También entregó a Lorenzo una carta para un oficial muy principal de la
Inquisición, expresándole su deseo de que se ejecutase su mandato. Provisto
de estos documentos, Medina regresó apresuradamente a Madrid, adonde llegó
el viernes, unas horas antes de anochecer. Encontró al marqués algo más recuperado, pero tan débil y agotado que no podía hablar sino con gran
dificultad y esfuerzo. Después de pasar una hora junto a su lecho, Lorenzo le
dejó ir a comunicar su propósito a su tío, y también a entregar la carta del
cardenal a don Ramírez de Mello. Éste se quedó petrificado de horror al
enterarse del fin de su desventurada sobrina. Animó a Lorenzo a castigar a sus
asesinos y se comprometió a acompañarle esa noche al convento de Santa
Clara. Don Ramírez prometió su más firme apoyo, y eligió un grupo de
arqueros de confianza para evitar toda oposición por parte del populacho.
Pero mientras Lorenzo estaba deseoso de desenmascarar a una religiosa
hipócrita, ignoraba el dolor que otro le preparaba a él. Ayudado por los
infernales agentes de Matilde, Ambrosio había decidido la ruina de la inocente
Antonia. Le había llegado a ésta el momento fatal. Había ido a despedirse de
su madre, antes de retirarse a dormir. Al besarla, un inusitado desaliento
inundó su pecho. Se marchó, pero luego regresó inmediatamente, se arrojó a
sus brazos y bañó sus mejillas con sus lágrimas. Se sentía desasosegada; un
secreto presentimiento le decía que no volverían a verse más. Elvira lo
observó, y trató de quitarle, bromeando, sus infantiles aprensiones. La
reprendió con dulzura por abrigar tan infundados presagios, y la advirtió de lo
peligroso que era alentar tales ideas.
Por toda respuesta a estas reconvenciones, exclamó Antonia:
—¡Madre! ¡Mi querida madre! ¡Oh, pluguiera a Dios que fuese ya por la
mañana!
Elvira, cuya preocupación por su hija era un gran obstáculo para su total
restablecimiento, se hallaba aún bajo los efectos de su reciente enfermedad.
Esta noche se sentía más indispuesta de lo habitual, y se había acostado antes
de la hora acostumbrada.
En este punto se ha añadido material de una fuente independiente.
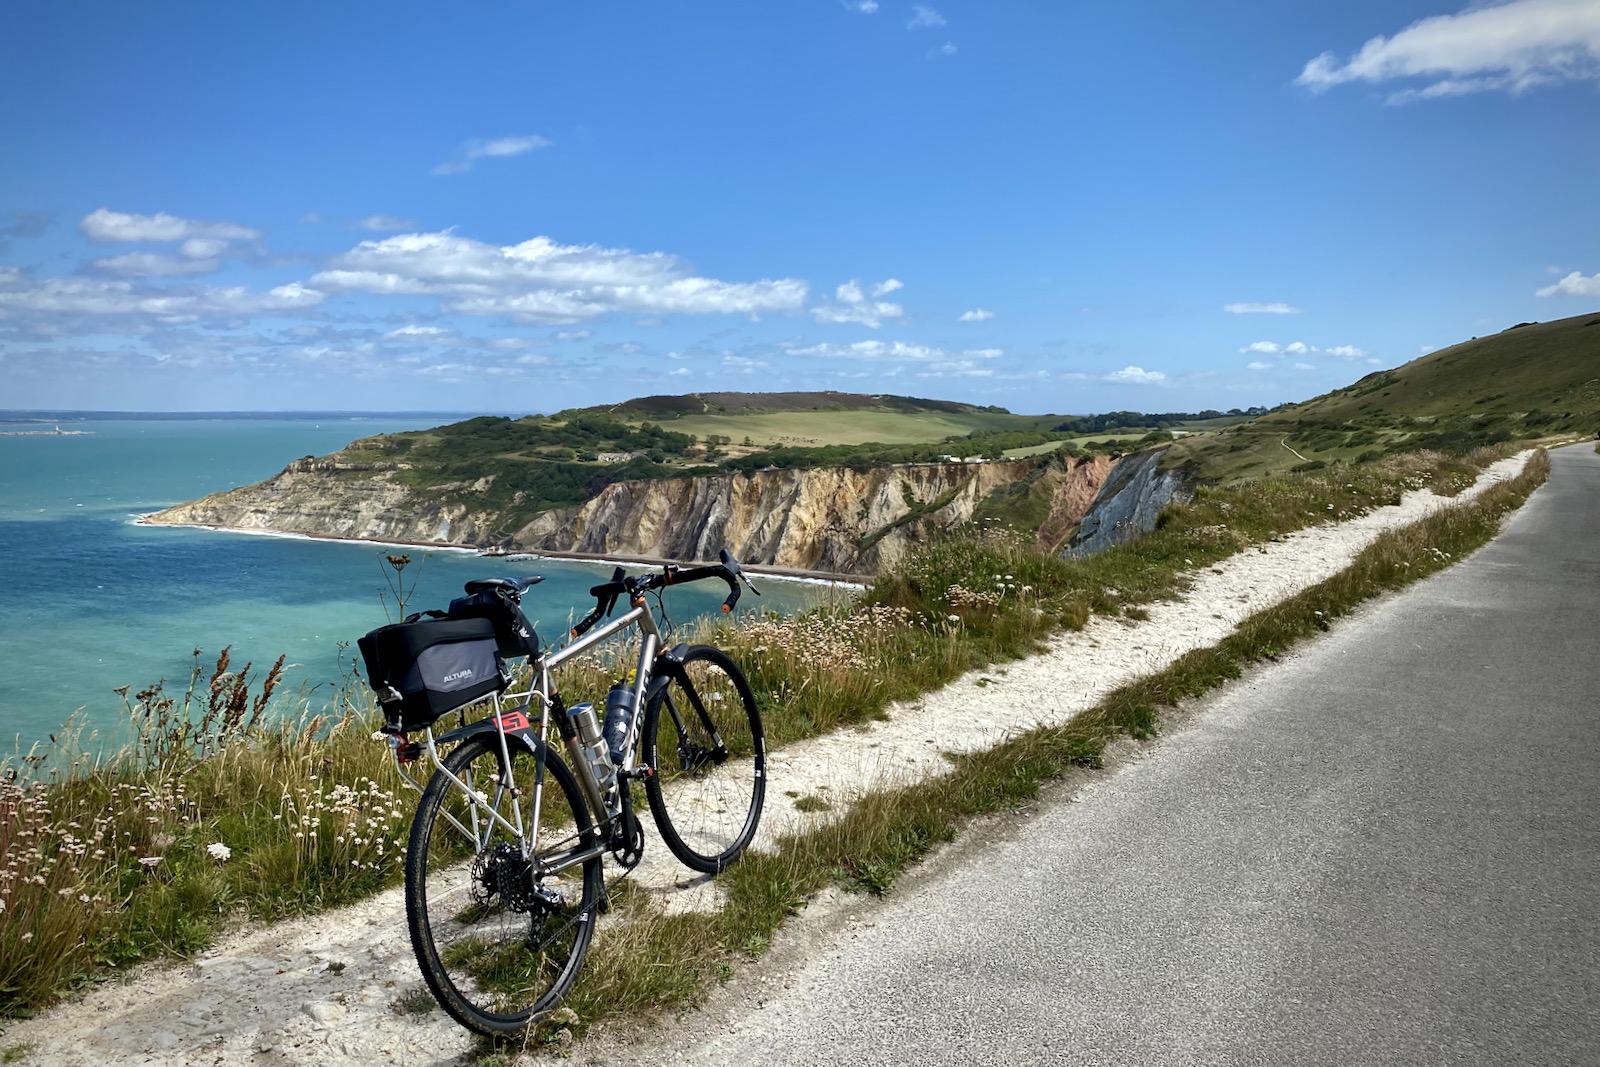 Tim Wiggins Kona Isle of Wight

Antonia se retiró de la alcoba de su madre con pesar;
y hasta el instante de cerrar la puerta, mantuvo los ojos fijos en ella con
expresión melancólica. Se encerró en su propio aposento. Sentía el corazón
lleno de amargura. Le parecía que habían naufragado todas sus esperanzas de
futuro, y que el mundo no contenía nada por lo que valiese la pena vivir. Se
dejó caer en una silla, reclinó la cabeza sobre el brazo, y se quedó
contemplando el suelo con mirada vacía, mientras las imágenes más sombrías
flotaban ante su imaginación. Se encontraba aún en este estado de
insensibilidad, cuando la volvió en sí una dulce melodía que sonó debajo de su
ventana. Se levantó, se acercó y la abrió para oírla con más claridad. Tras
colocarse el velo sobre el rostro, se aventuró a asomarse. A la luz de la luna
vio a varios hombres con laúdes y guitarras. A cierta distancia de ellos había
otra figura envuelta en su capa, cuya estatura y aspecto guardaban gran
parecido con las de Lorenzo. No se equivocaba. En efecto, era el propio
Lorenzo, el cual, obligado por su palabra a no presentarse delante de Antonia
sin el consentimiento de su tío, le brindaba esta serenata para convencer a su amada de que aún sentía el mismo afecto por ella. Su estratagema no obtuvo el
efecto deseado. Antonia estaba lejos de suponer que esta música nocturna
tuviera por objeto agasajarla: era demasiado modesta para considerarse
merecedora de tales atenciones, y creyendo que debía ir dirigida a alguna
dama vecina, se sintió apenada de ver que era Lorenzo quien la ofrecía.